Studio album by Atomic Rooster
- Released: September 1980
- Genre: Hard rock; progressive rock; heavy metal;
- Length: 42:57
- Label: EMI
- Producer: John Du Cann and Vincent Crane

Atomic Rooster chronology
| Nice 'n' Greasy (1973) | Atomic Rooster (1980) | Headline News (1983) |

= Atomic Rooster (1980 album) =

Atomic Rooster is the sixth studio album by British rock band Atomic Rooster. It was recorded when the band regrouped after breaking up for five years, and they embarked on a raw muscular hard rock style, which was in marked contrast to that of their past few albums. In addition, its heavier sound fit in better with the new wave of British heavy metal scene.

Two tracks, "She's My Woman" and "Where's the Show?", were originally recorded by John Du Cann for his solo album, The World's Not Big Enough, in 1977. The album was not released at the time and the songs were later reworked by Atomic Rooster. Du Cann's solo album was eventually released in 1992.
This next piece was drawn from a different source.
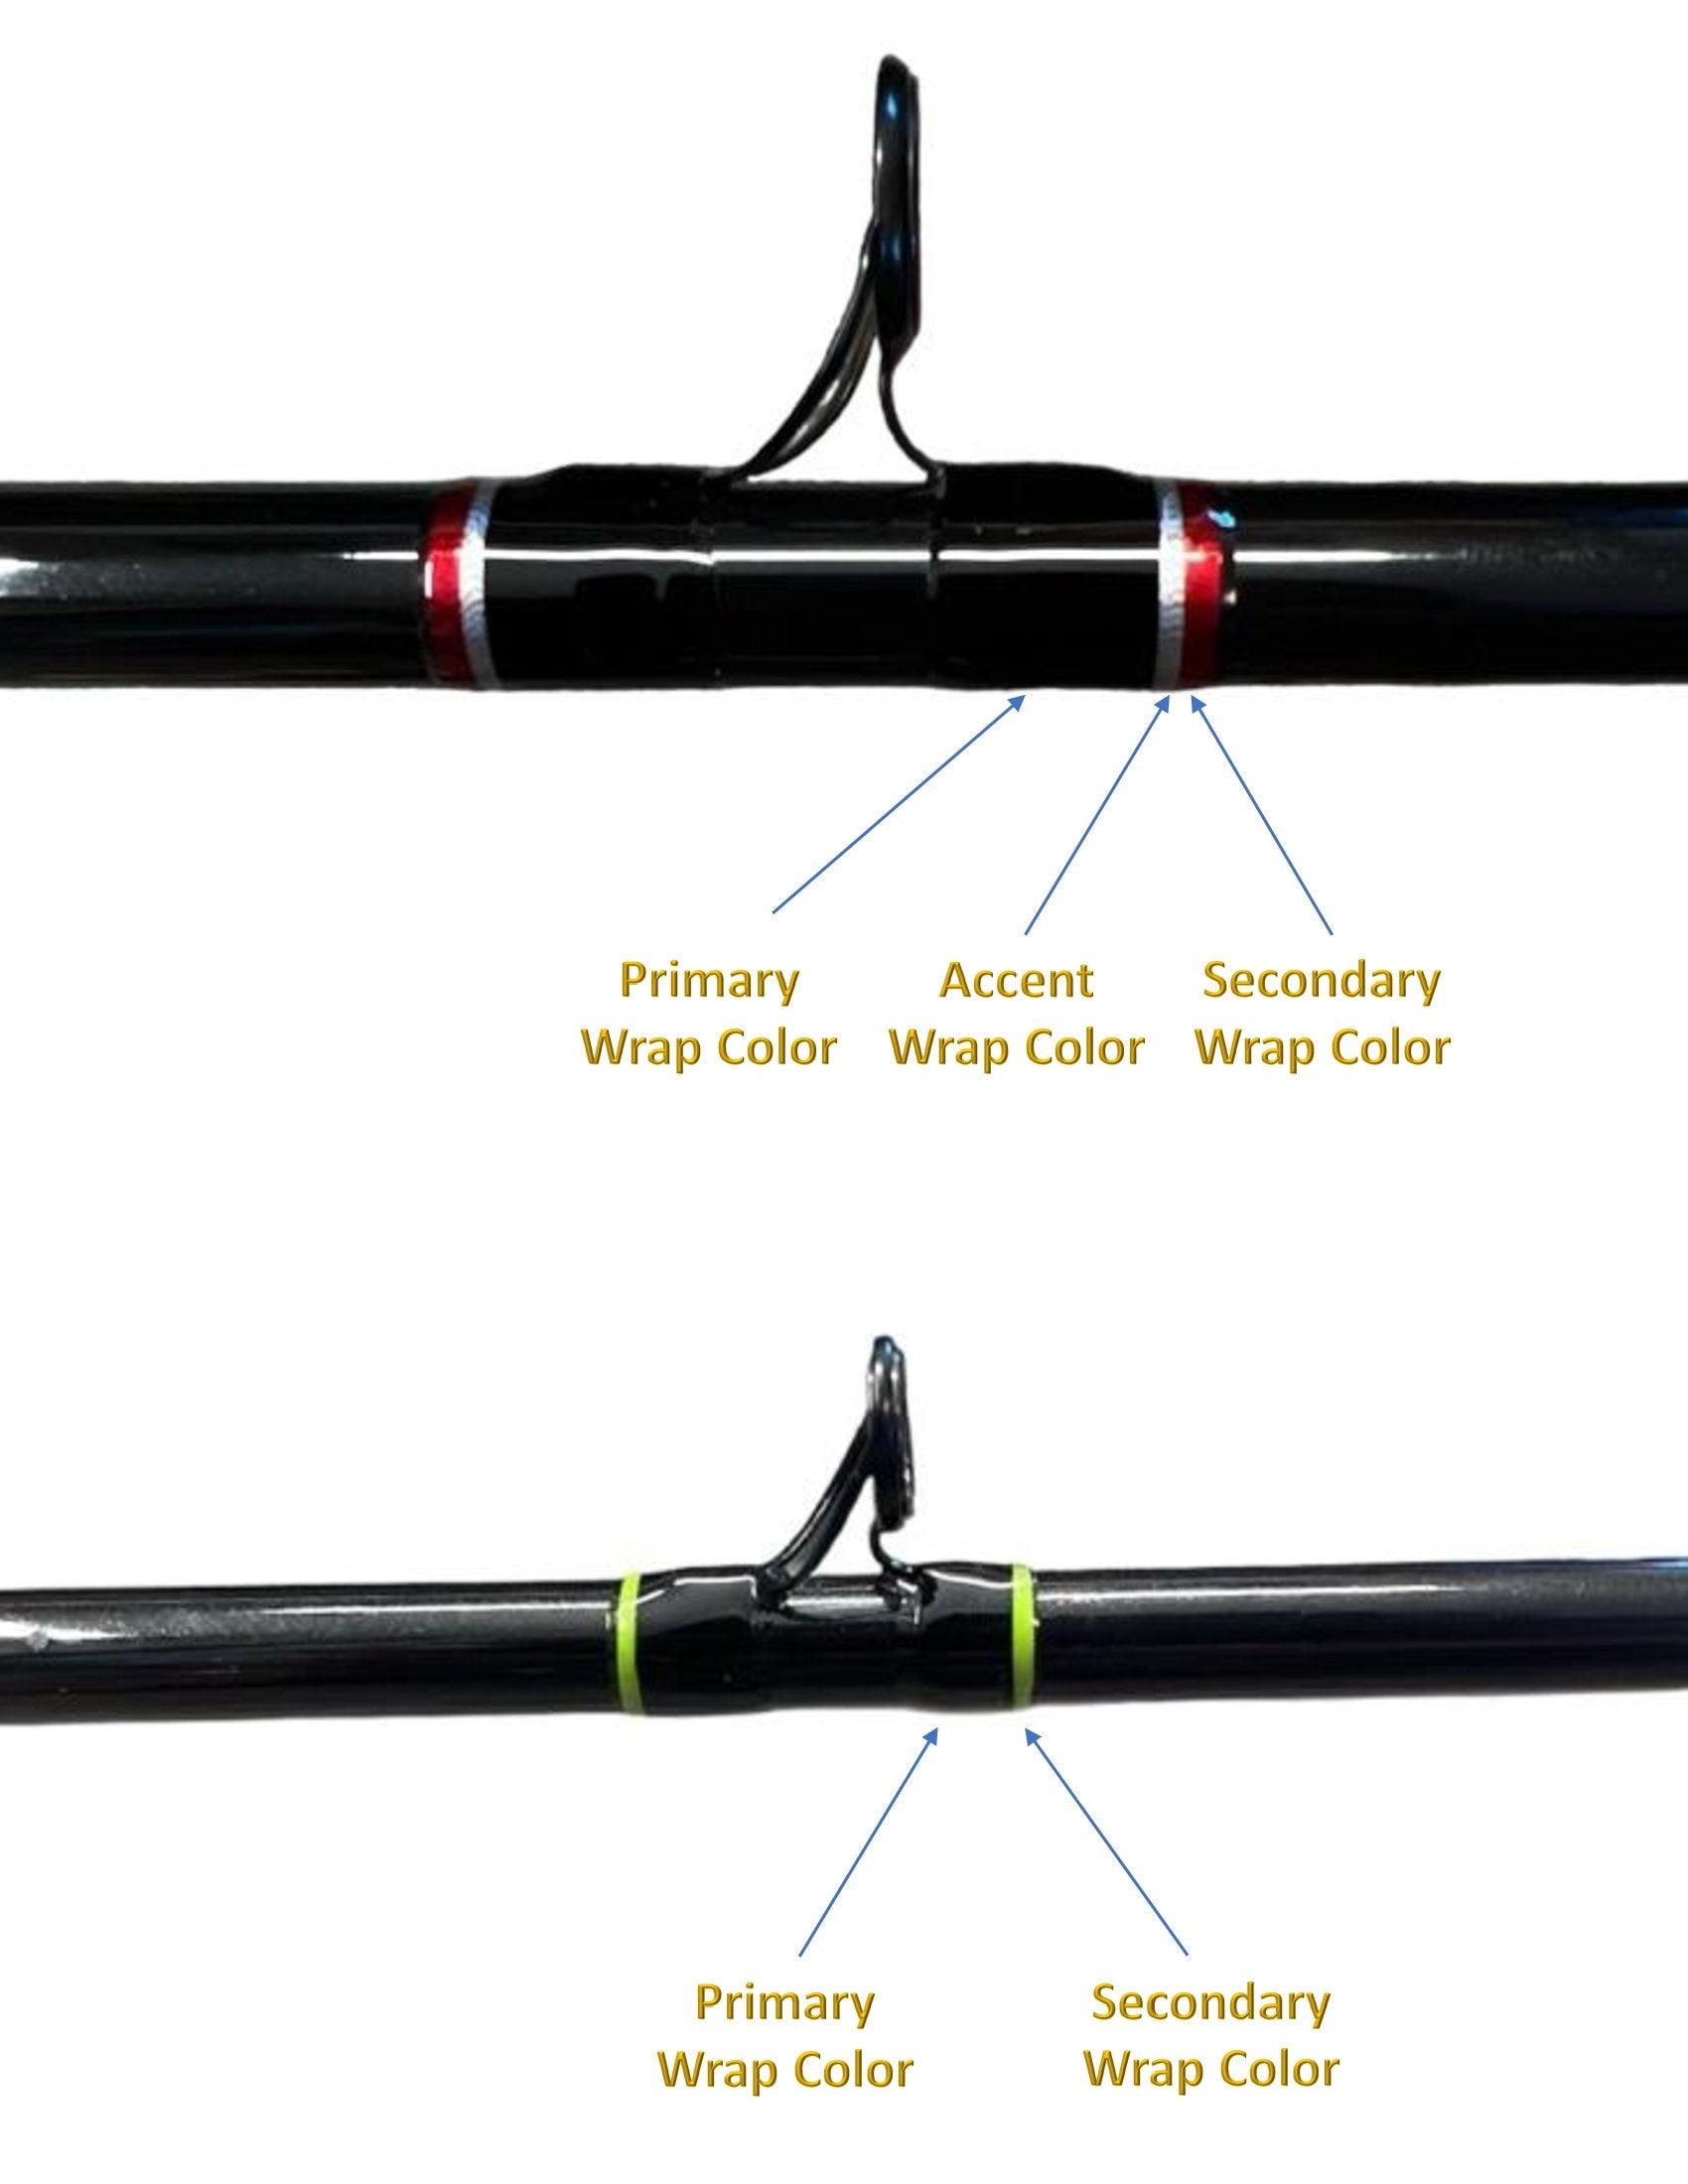 Kingdom King Pro Fishing Rod, Carbon Fiber Fishing Rods

"Do You Know Who's Looking for You?" has been covered by Finnish rock band YUP, who recorded it with new lyrics in their native language and retitled it "Keittoruoka" ("Soup Meal"). It was included on their 2001 album Hajota ja hallitse ("Divide and Conquer").

The 2005 CD reissue, whilst being welcomed by fans of the band's latter era, is, nonetheless, unlicensed. The copyright in the recording is held by the original label, EMI.
The Angel Air release featured extensive sleevenotes by Record Collector magazine's Joe Geesin, which included a new interview with John Du Cann. Some of the songs exist in demo form (with Preston Heyman on drums, although not properly credited) on the compilation CD Rarities.

Professional ratings
Review scores
| Source | Rating |
| Allmusic | link |

==Track listing==
Side one
1. "They Took Control of You" (John Du Cann, Clara Du Cann) 4:48
2. "She's My Woman" (Du Cann) 3:12
3. "He Did It Again" (Vincent Crane, Du Cann) 4:03
4. "Where's the Show?" (Du Cann) 3:54
5. "In the Shadows" (Du Cann) 6:55

Side two
1. "Do You Know Who's Looking for You?" (Crane, Du Cann) 3:04
2. "Don't Lose Your Mind" (Du Cann) 3:35
3. "Watch Out!" (Crane) 4:04
4. "I Can't Stand It" (Du Cann) 3:49
5. "Lost in Space" (Crane, Du Cann) 5:51

===2005 Angel Air CD reissue bonus tracks===
1. - "Throw Your Life Away" (Crane, Du Cann) 2:54 - "Do You Know Who's Looking for You?" single B-side
2. "Broken Windows" (Crane, Du Cann) 3:49 - unreleased "Don't Lose Your Mind" single B-side

==Personnel==
- Atomic Rooster
- Vincent Crane – Hammond organ, keyboard bass
- John Du Cann – guitars, bass guitar, vocals
- Preston Heyman – drums, percussion

==Singles==
- "Do You Know Who's Looking for You?" / "Throw Your Life Away" (June 1980). An often rumoured 12" single featuring an extended version of "Do You Know Who's Looking for You?" was never released. No such extended version of the A-side exists.